Every part of me goes cold. “Where?”
“We lost her after the second-floor transfer.”
I curse and turn around so fast my coat swings wide.
The men behind me don’t ask questions. They just pivot with me.
By the time I hit the elevator again, I’m already putting the pieces together too fast and not fast enough. Alena walking in now, after the evidence, after the pressure building against her, after everything. Either she’s suicidal, or she’s desperate, or someone sent her.
The third possibility is the one I hate most.
The doors open. I stride out into the corridor at speed, and one of my men stationed near Zatanna’s room is already there, face pale.
“She went in,” he says.
My heart stops once and then starts again harder.
With him at my side, I hit the door.
We don’t knock. We barge in.
The door slams open hard enough to crack against the wall.
For one second, the whole room is chaos without motion.
Alena is on the floor. Blood at her hairline.
Zatanna is half upright in the bed, eyes wide and wild, hand still smashed against the call button.
And standing beside her, breathing too evenly for someone who should be panicking, is my mother.
Everything in me goes still. Not confusion. Recognition.
The kind that arrives so fast it feels like memory, not thought. Every missing piece. Every too-clean answer. Every time the trail pointed somewhere obvious. Every time I chose to hate the convenient woman instead of asking who benefited most while I was busy burning in the wrong direction.

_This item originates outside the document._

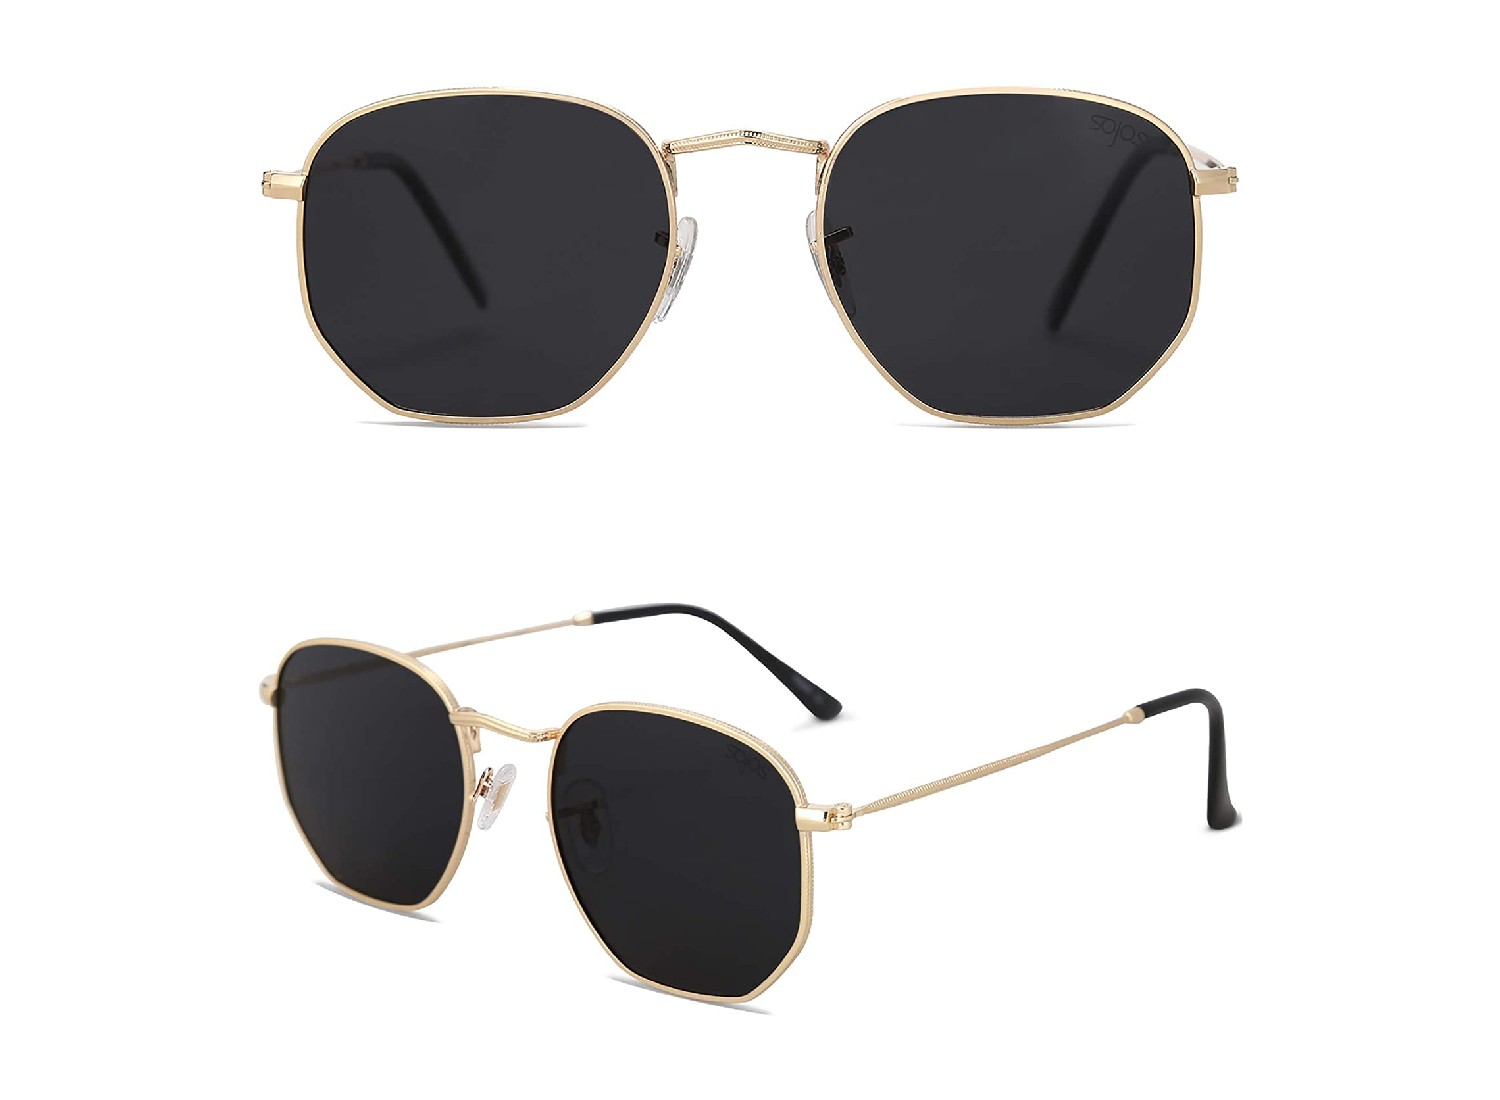 A pair of black sunglasses with gold frames shown from two different angles.

My mother turns to me. And smiles. “My son,” she says softly, as if we’ve walked into tea, not a scene with one woman bleeding on the floor and another white with terror in a hospital bed.

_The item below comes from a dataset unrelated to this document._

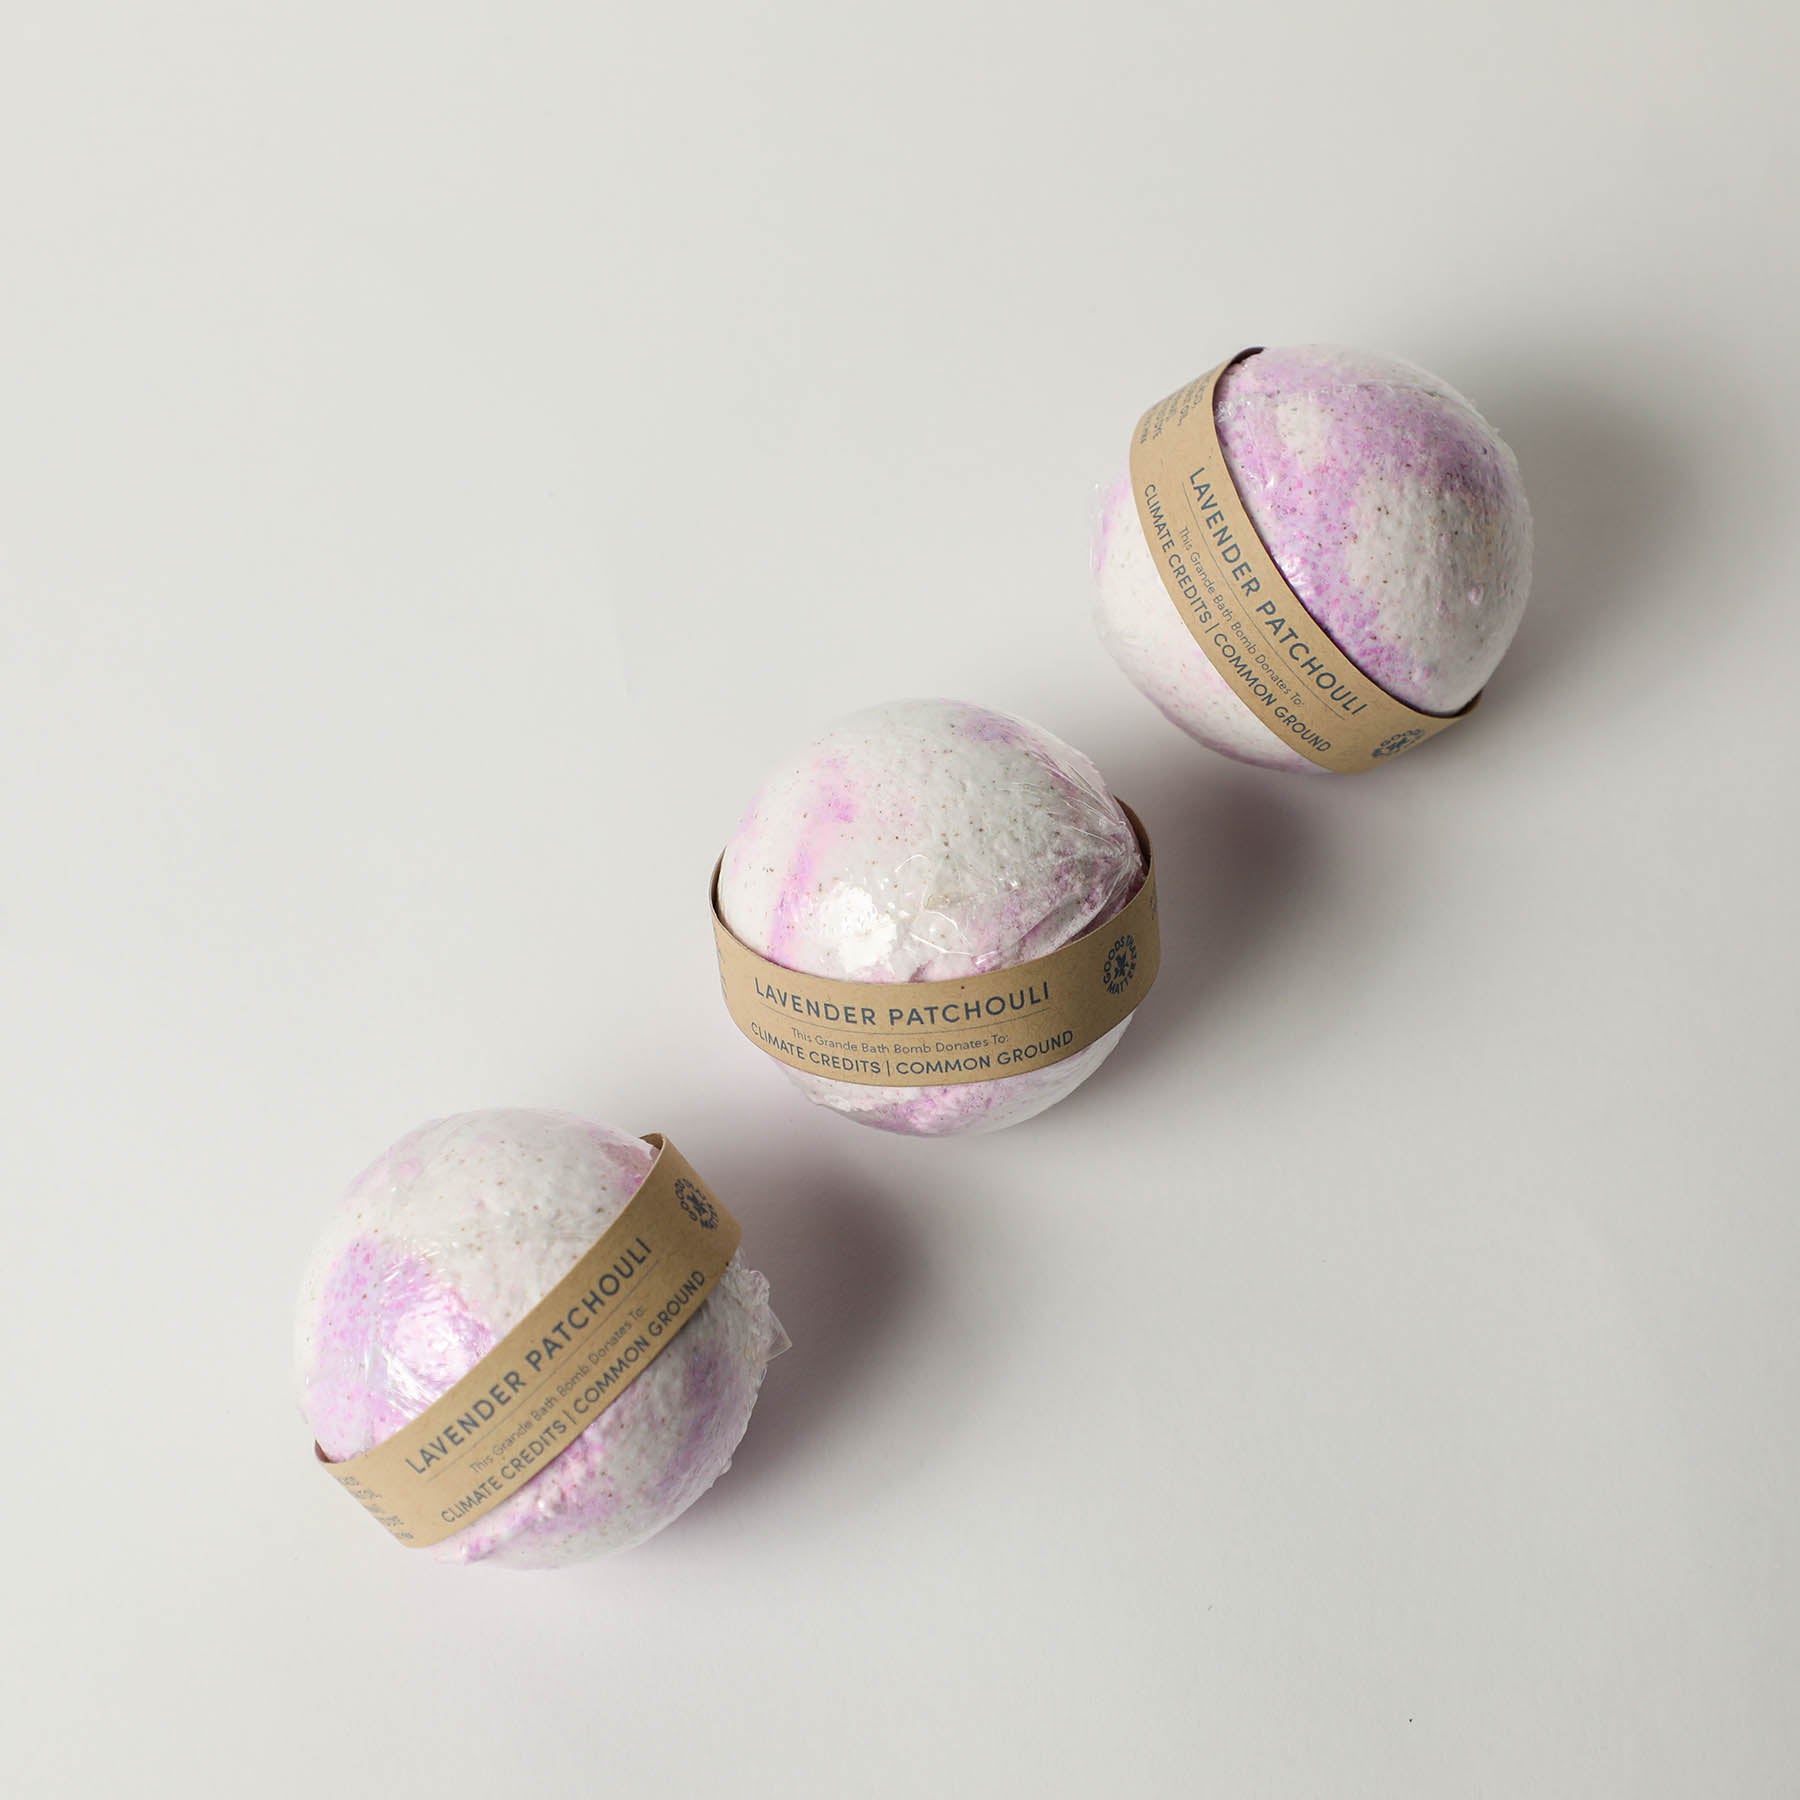 Bath Bombs - Donates to Common Ground Relief, Coastal Climate Credits

The silence is worse than shouting could have been.
I look at Alena first.
Alive. Dazed. Trying to push herself up.
Then at Zatanna.
Her face tells me everything before she says a word.
She knows. Or enough.
My man steps in behind me. “Boss?—”
“Out.”
He hesitates.
I don’t look at him when I say it again. “Out.”
He leaves. Closes the door behind him. Good. No witnesses. Not for this.